The other consideration that sometimes comes up: the resort underwent a design change about halfway through, adding access to the master bath from the living room.  In earlier buildings, you have to go through either the master or second bedroom to get to a bath.   With four people and a 2BR, that's probably not a big deal for you.

As for the bus system---we usually get a car and enjoy the convenience.  When we have one, we drive everywhere except Magic Kingdom (where the bus is often a little faster than driving), or our other evening destinations if we plan to have a second drink while we are there.  Our last trip had a couple frustrating bus trips returning to MK in the evening.  But, we did take one "extra" trip without a car, and it was fine, so if you'd really rather save the money, it would be okay.


----------



## Egret1986 (Jun 21, 2009)

*Thanks for the additional info*

Am I correct that if you drive and go into the parks with your car that parking is free with staying onsite?  Are you going into the same parking entrances and areas as the general population?

Well, my husband's onboard now.  He was skeptical about going since we had already previously discussed no more Disney.  I thought telling him the benefits and difference of staying onsite would easily persuade him.  It took him telling a couple of ladies at work what the wife was considering and them telling him that; yeah, you're crazy not to want to go for that and sharing the fact that there's a lot to appeal to adults that we've never seen yet.  Never been to Downtown Disney before.

Now, breaking it to the two 15-year-olds.  They'll be negative about it, so I'll probably just wait on that one.  They're just too cool and old for that sort of stuff.  

Hubby and I are really looking forward to it!


----------



## bnoble (Jun 22, 2009)

Yes, parking is free.  You can either driver yourself (which would just be like it always is) or you can take the Disney transportation system.  We tend to prefer driving with two exceptions.
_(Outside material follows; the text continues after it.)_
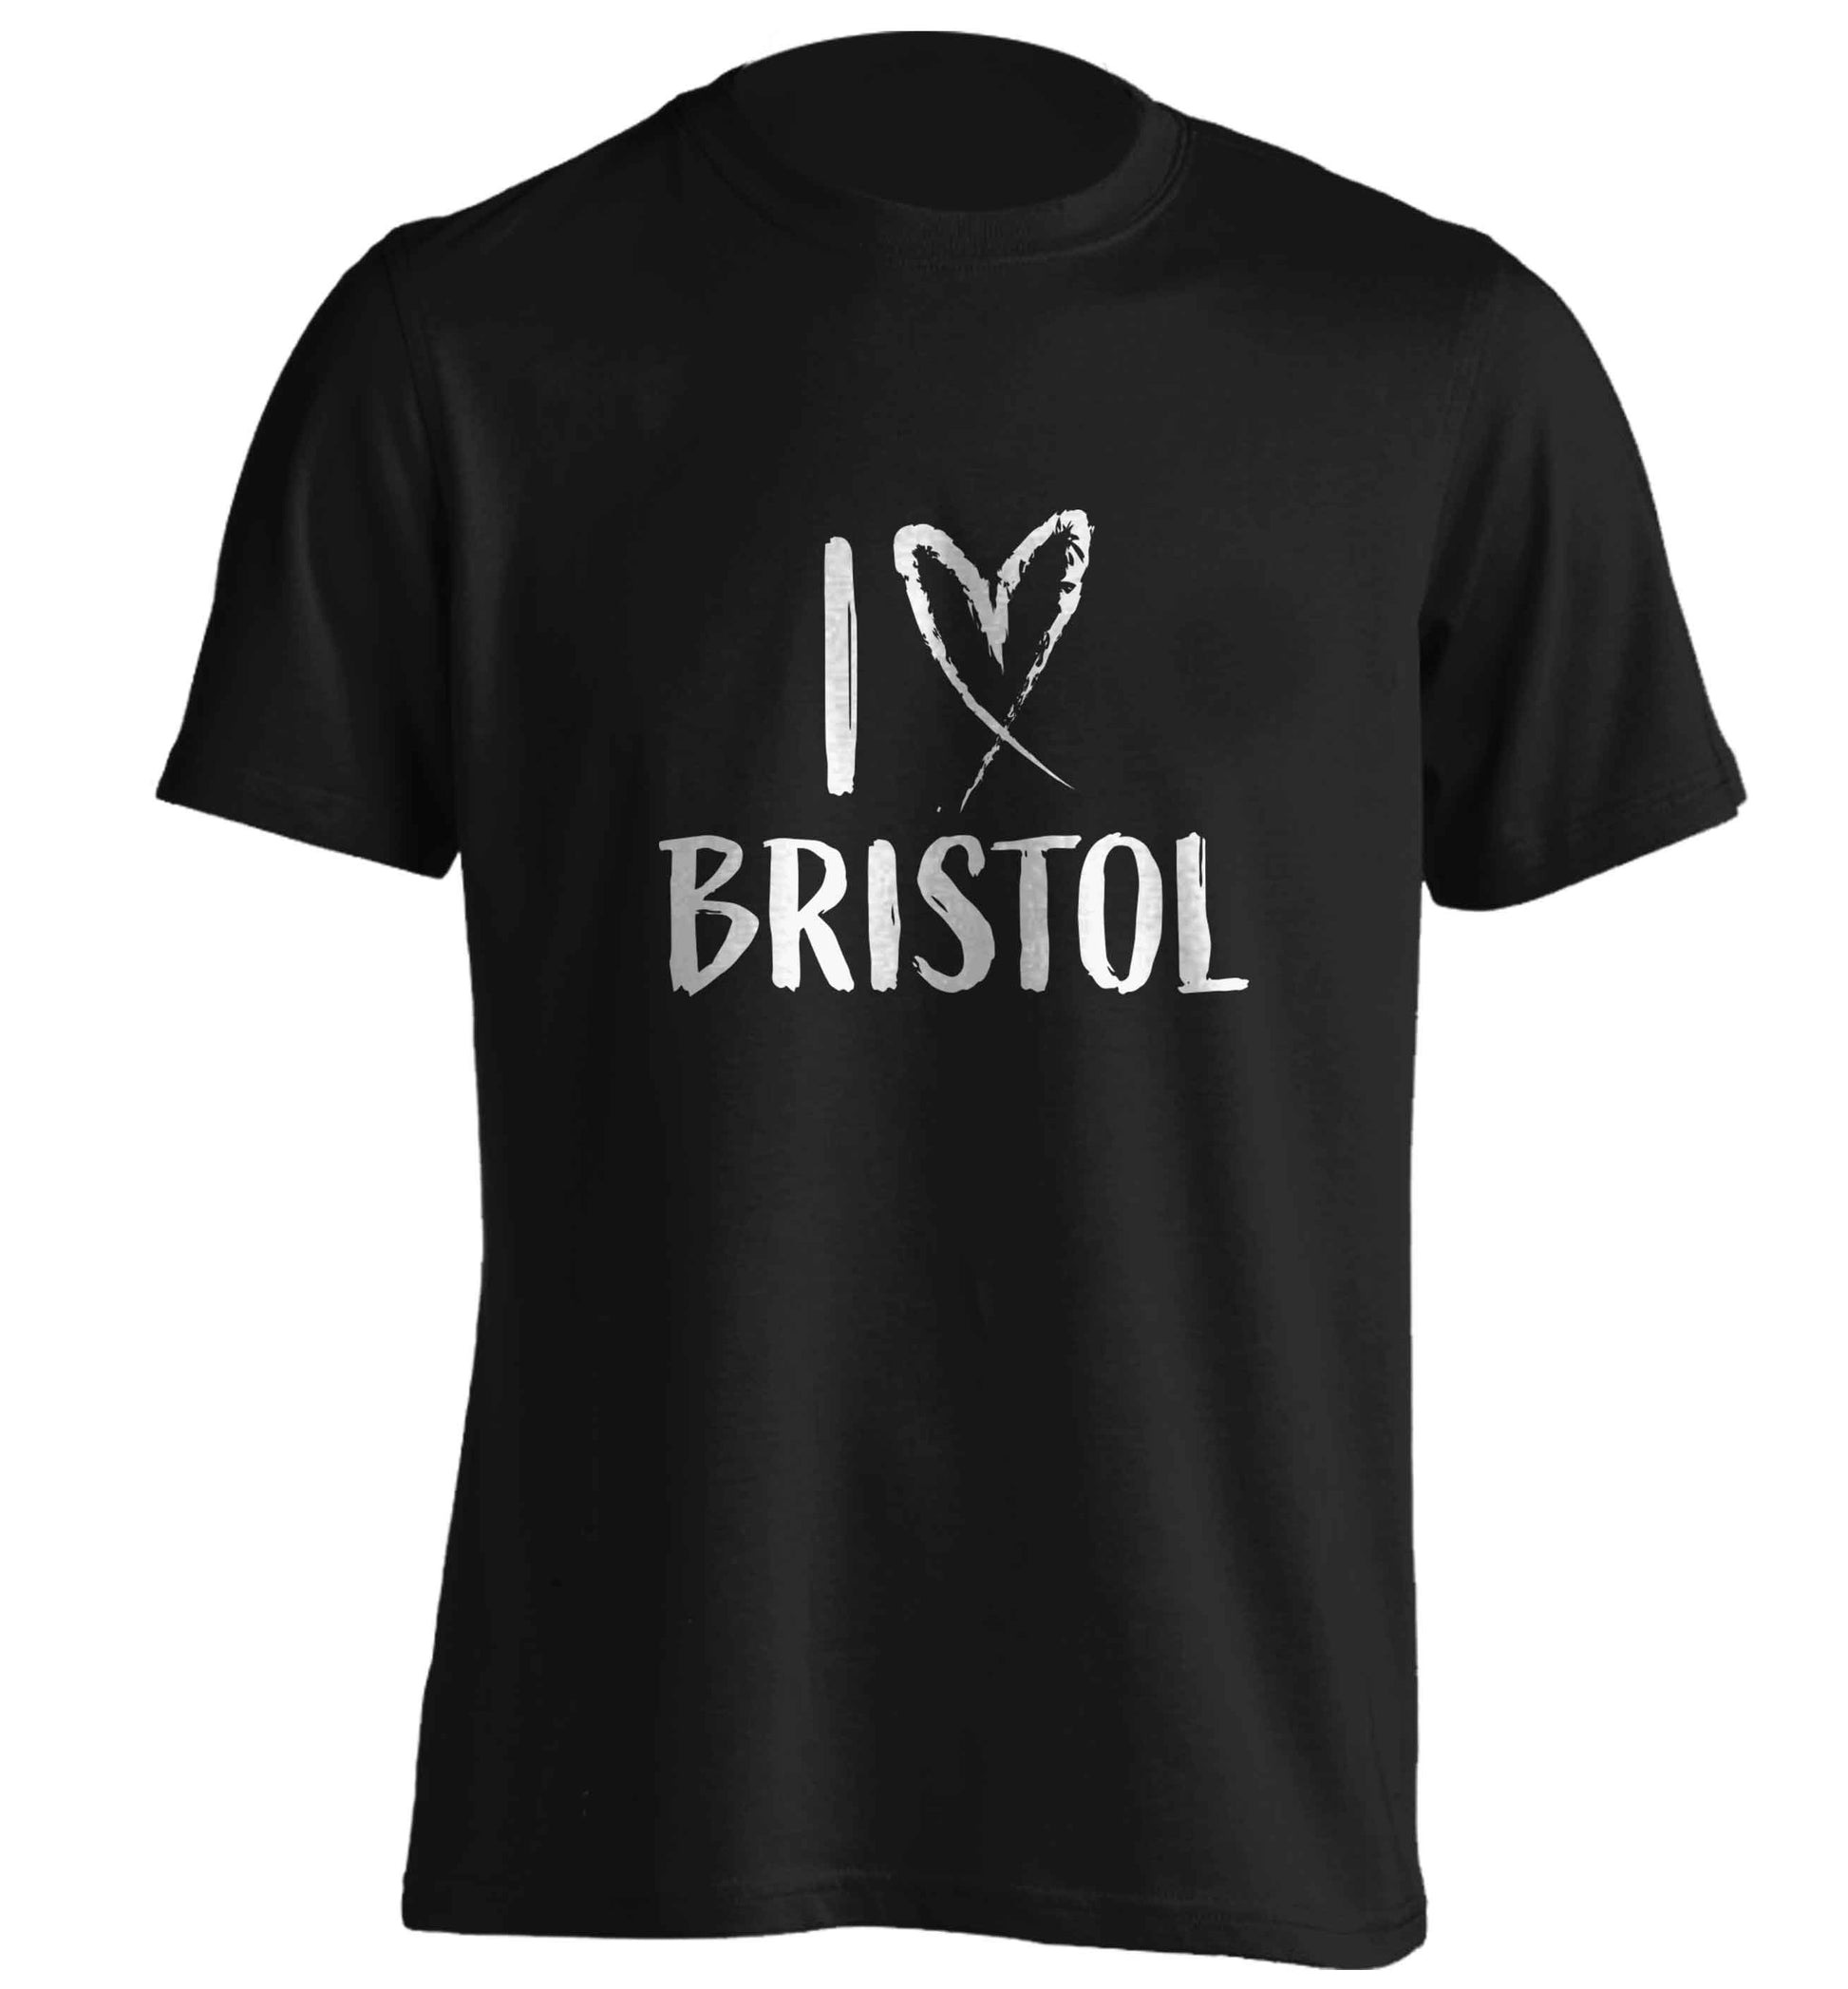 I love Bristol adults unisex black Tshirt 2XL

At the Magic Kingdom, the bus lets you off just outside the gates, so no mucking around with the monorail/ferry.  We also use the bus system if we're planning on having that second glass of wine with dinner.

With teenagers, the Disney transportation system is a real bonus---it makes it easy to split up for a little bit and let the adults be the adults while the kids can be kids.  There's a limited amount of trouble that two teenagers can get into at WDW, so they can have a little bit of freedom without worrying you senseless.  For example, you can send the teens to Hollywood Studios so that they can ride Tower of Terror and Rock-n-Rollercoaster all evening while you and DH enjoy a nice dinner and a few drinks in Epcot's World Showcase.
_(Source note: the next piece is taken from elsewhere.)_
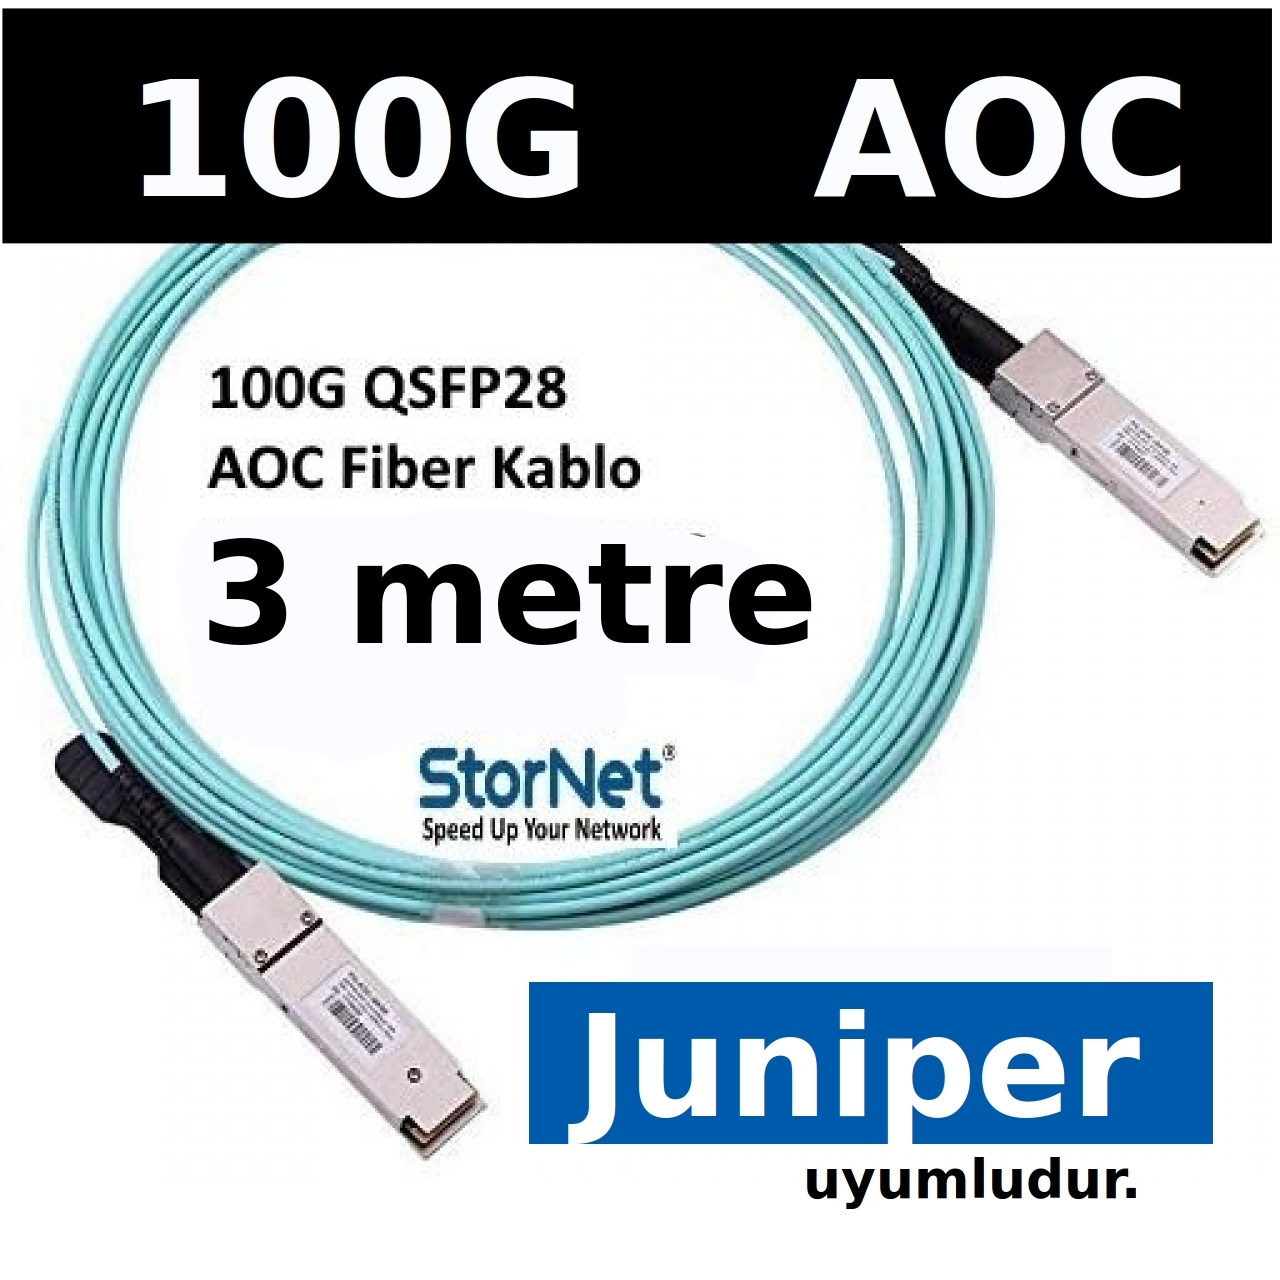 Juniper JNP-100G-AOC-3M uyumlu 3 metre 100G QSFP Active Optical Cable Kablo

The key thing to making a Disney trip work for us: no commando.  We do try to get there by the time they open most days, but we take substantial breaks away from the parks mid-day and we enjoy some of the other things the resort has to offer.


----------



## Egret1986 (Jun 22, 2009)

*I agree that substantial breaks during the day will make things more enjoyable*



bnoble said:


> Yes, parking is free.  You can either driver yourself (which would just be like it always is) or you can take the Disney transportation system.  We tend to prefer driving with two exceptions. At the Magic Kingdom, the bus lets you off just outside the gates, so no mucking around with the monorail/ferry.  We also use the bus system if we're planning on having that second glass of wine with dinner.
> 
> With teenagers, the Disney transportation system is a real bonus---it makes it easy to split up for a little bit and let the adults be the adults while the kids can be kids.  There's a limited amount of trouble that two teenagers can get into at WDW, so they can have a little bit of freedom without worrying you senseless.  For example, you can send the teens to Hollywood Studios so that they can ride Tower of Terror and Rock-n-Rollercoaster all evening while you and DH enjoy a nice dinner and a few drinks in Epcot's World Showcase.
> 
> The key thing to making a Disney trip work for us: no commando.  We do try to get there by the time they open most days, but we take substantial breaks away from the parks mid-day and we enjoy some of the other things the resort has to offer.



I agree now that the boys are 15 (and with staying onsite and having the Disney transportation system) this will be a great way to allow more freedom for them (if they will take advantage of it and venture out on their own).

Thanks for your help and input!


----------